In Praise of Stating the Obvious

I'd like to give a little space for an activity that I've grown more appreciative of recently: stating the obvious. "Of course stating the obvious can be useful," I hear you say. Well, let me try to state why, from my experience, I think so too.

Firstly, suppose I think I understand something, or have a new idea clear in my head. At this stage I've often found myself feeling satisfied and moving on to something else, perhaps building on this to develop resulting ideas or trying to implement something based on it. But, if instead I try to write down the original idea, it very often turns out to be a little more difficult to express than I'd imagined. Spending a few minutes to clear that up in writing or mathematics can unearth subtleties or lead to a review of the idea that I hadn't previously thought of. Without doing this, building upon ideas can end up feeling like I've built my house on the sand, so to speak.

Mathematicians have been doing this for ages. I read a paper today which proposed a formal model for describing self-organising systems, which it seems to me is all about stating the obvious with respect to this field. But to me, theorists really add value to a field when they can clearly express ideas in this kind of way and ensure any subsequent reasoning is properly grounded (and previous flawed reasoning can be exposed).

My second point is that just because an idea is obvious to me, I shouldn't presume that it's obvious to anyone else. This is something that I think most people who've done a Ph.D. (and many who haven't) encounter. Once you've spent literally years thinking in detail about one specific idea, that idea can seem very obvious indeed. It seems to me that the more you think about an idea, the more the world starts to look like it would from that perspective. But this certainly doesn't change the way the world looks to anyone else! Matt Might's "Illustrated Guide to a Ph.D." is a great example of this.

This point is related to the oft quoted idea that there really aren't stupid questions, just stupid answers. Feeling like something you say is stupid and will expose you as being ignorant leads to the same result as assuming that that same something is too obvious to mention. From either perspective, we can say that perhaps the idea is obvious to everyone else, and perhaps it isn't - and you'll never know unless it's brought up. In a group discussion, a good chair will know when to take a discussion offline, so stating the obvious - or asking about it - can really be helpful.

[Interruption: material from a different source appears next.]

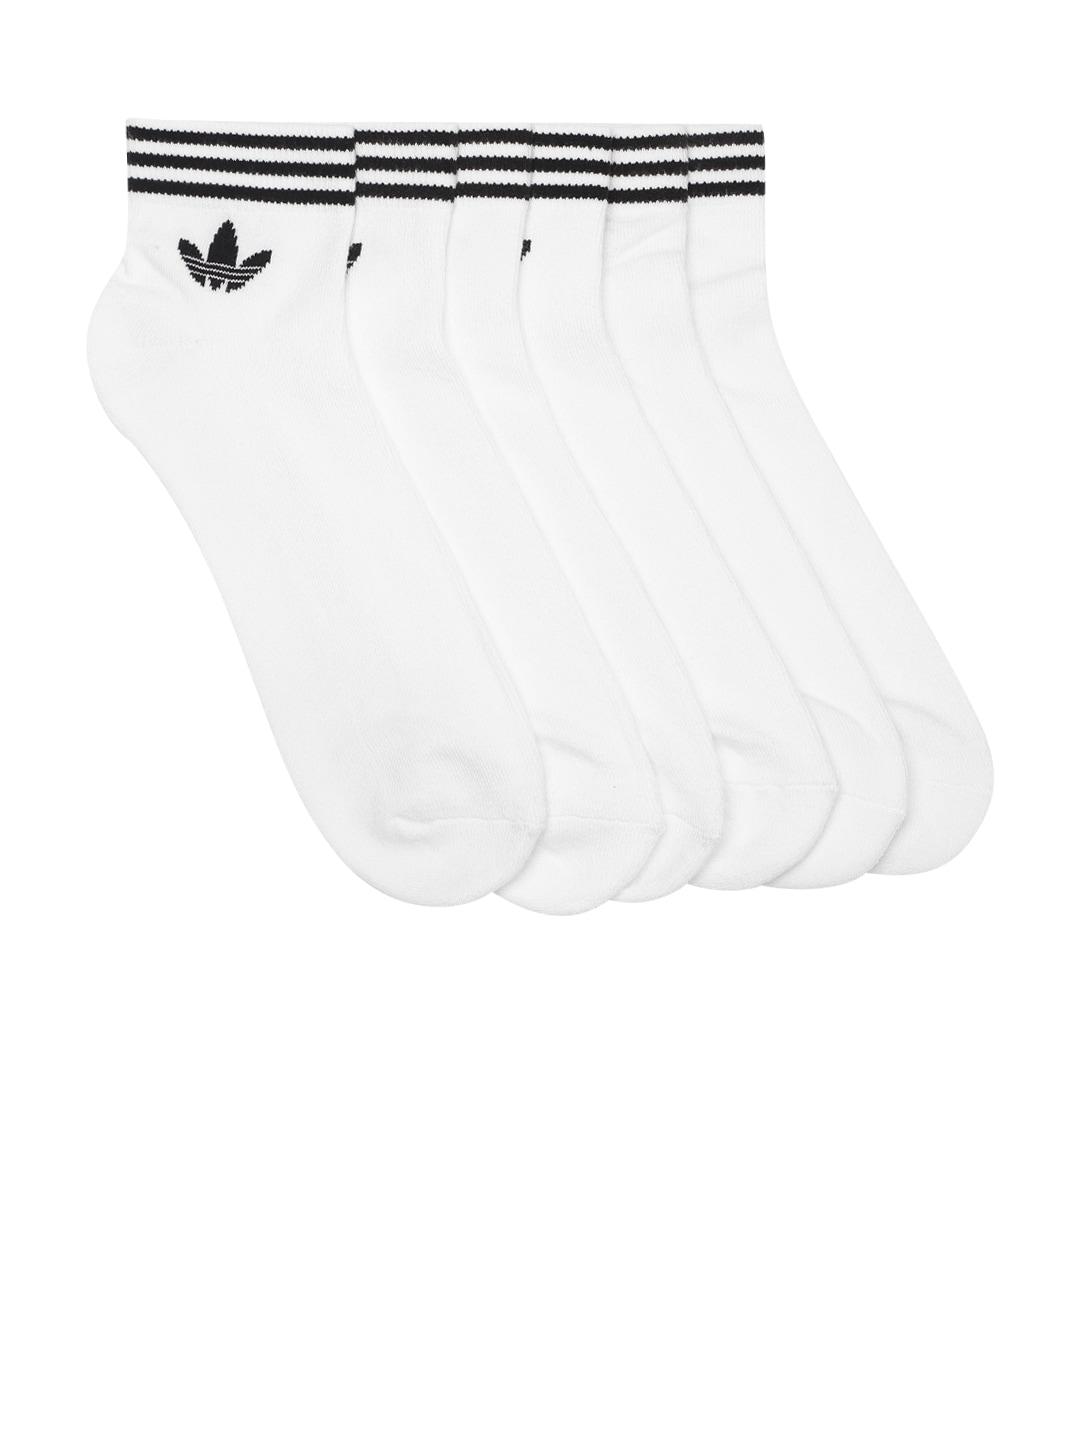 adidas originals men pack of 3 white brand logo detail above ankle-length socks

This brings me to my third point: stating the obvious establishes shared assumptions. Imagine a rather contrived example, when two strangers meet and discover that they are both experts in the big bang theory. It may take only one sentence for the strangers to realise that one is a Physics Professor and the other likes American sitcoms, but more subtle unspoken assumptions can be quite counter productive. And this occurs simply because certain things are deemed too obvious to mention.

And this brings us back to my first point about building on ill-thought-out ideas. If one such idea can be disruputive in one person's mind, then what happens when two or more minds have different ill-thought-out perspectives on the same nebulous concept? In my experience work will either stagnate, one person will dominate and the other lose interest, or else the result will be an even more confusing and almost certainly wrong composite idea.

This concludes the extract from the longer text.